Swarms, Signals, and Soft Robotics
Emergence isn't confined to the microbial or molecular. The XenoBot project, created by researchers at Tufts University and the University of Vermont, designed programmable living machines using frog stem cells. These soft-bodied organisms could move, carry payloads, and even self-replicate under certain conditions—without a central nervous system or pre-defined programming.
XenoBots operate based on emergent behavior: local rules guiding cells lead to collective, adaptive action. While the ethics of such systems remain contested, their design demonstrates the power of biological computation and decentralized control. They’re not engineered to follow orders—they're cultured to respond. Similar principles are being explored in synthetic swarms and decentralized robotic systems, including in work by roboticist Radhika Nagpal at Princeton (formerly Harvard). Her Kilobot swarm project used hundreds of simple robots to explore how local interaction rules could produce global behaviors, offering insights for everything from search-and-rescue robots to distributed sensing systems.

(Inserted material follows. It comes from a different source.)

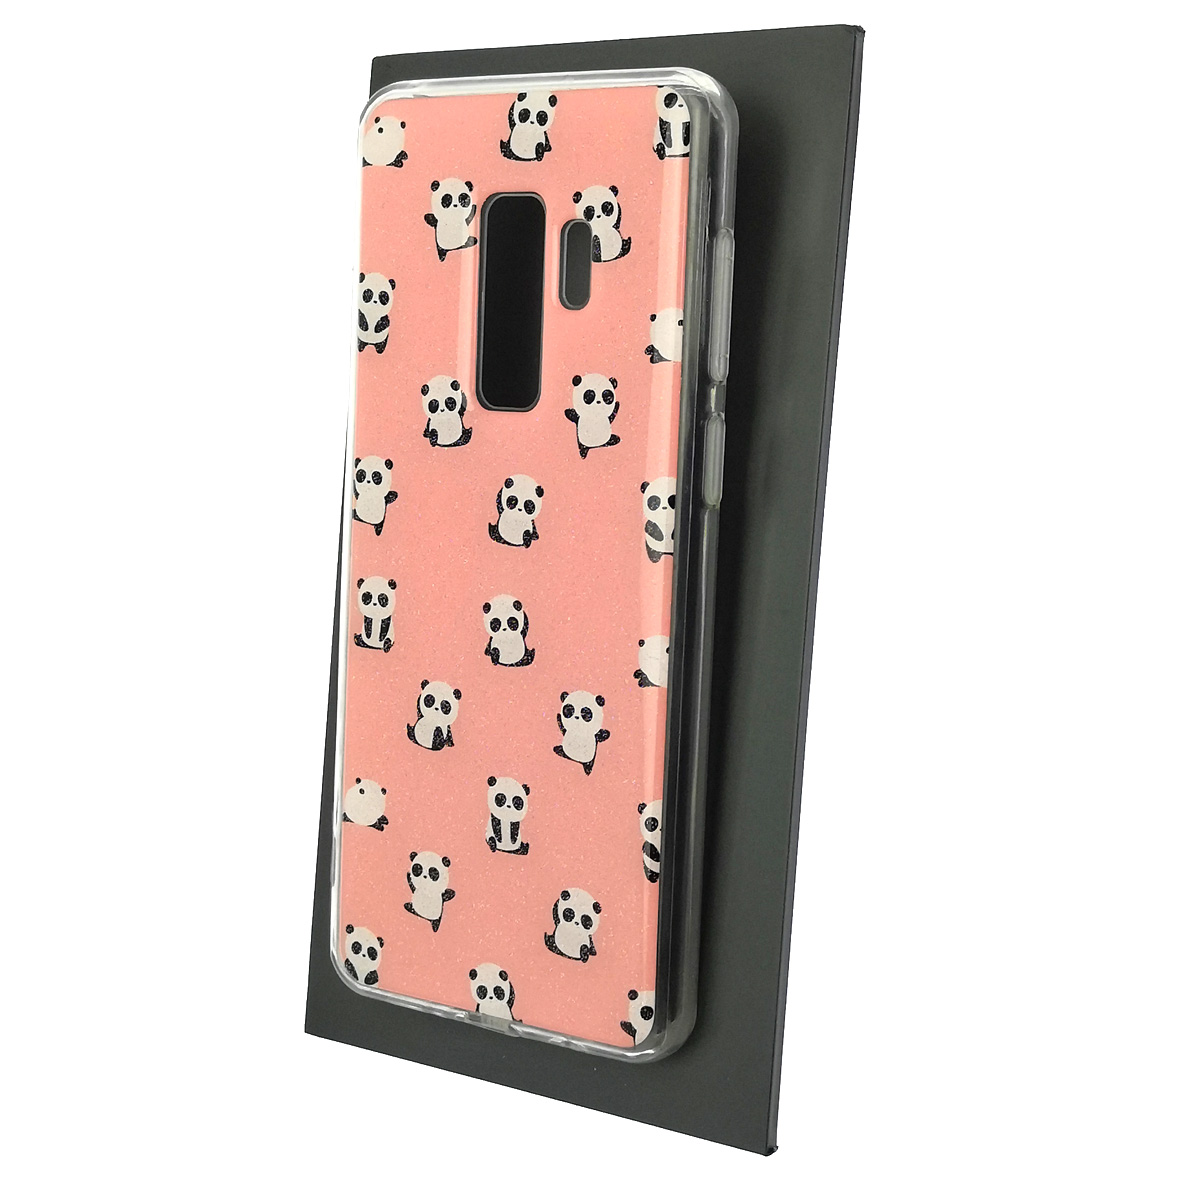 Чехол накладка для SAMSUNG Galaxy S9 Plus (SM-G965), силикон, глянцевый, блестки, рисунок Панды

Designing Conditions, Not Commands
What binds these projects is not a shared technology, but a shared philosophy: the relinquishing of centralized control in favor of systemic responsiveness. Instead of predefined paths and outcomes, these designs set up interactions—among cells, materials, or agents—and let patterns emerge. This doesn’t mean giving up on intention or precision. It means designing with a different understanding of what those things look like. Rather than locking down outcomes, designers craft affordances, constraints, and parameters within which life—or something like it—can thrive. It also introduces a new model of authorship. When intelligence is distributed—across cells, sensors, or code—no single hand is in charge. Instead, design becomes a negotiation with material systems and the rules they already follow.
Implications for the Future of Design
As interest in regenerative systems, environmental computation, and post-anthropocentric design grows, these approaches will only become more relevant. They offer models not just for sustainability, but for adaptability and resilience—qualities increasingly urgent in the face of global instability. They also force a reevaluation of power in design. Who—or what—is in control? And what might it mean to surrender control in pursuit of more generative, entangled futures?
The lesson from emergence is clear: intelligence doesn’t need to be imposed from above. Sometimes, it’s already in the system—waiting for the right conditions to unfold.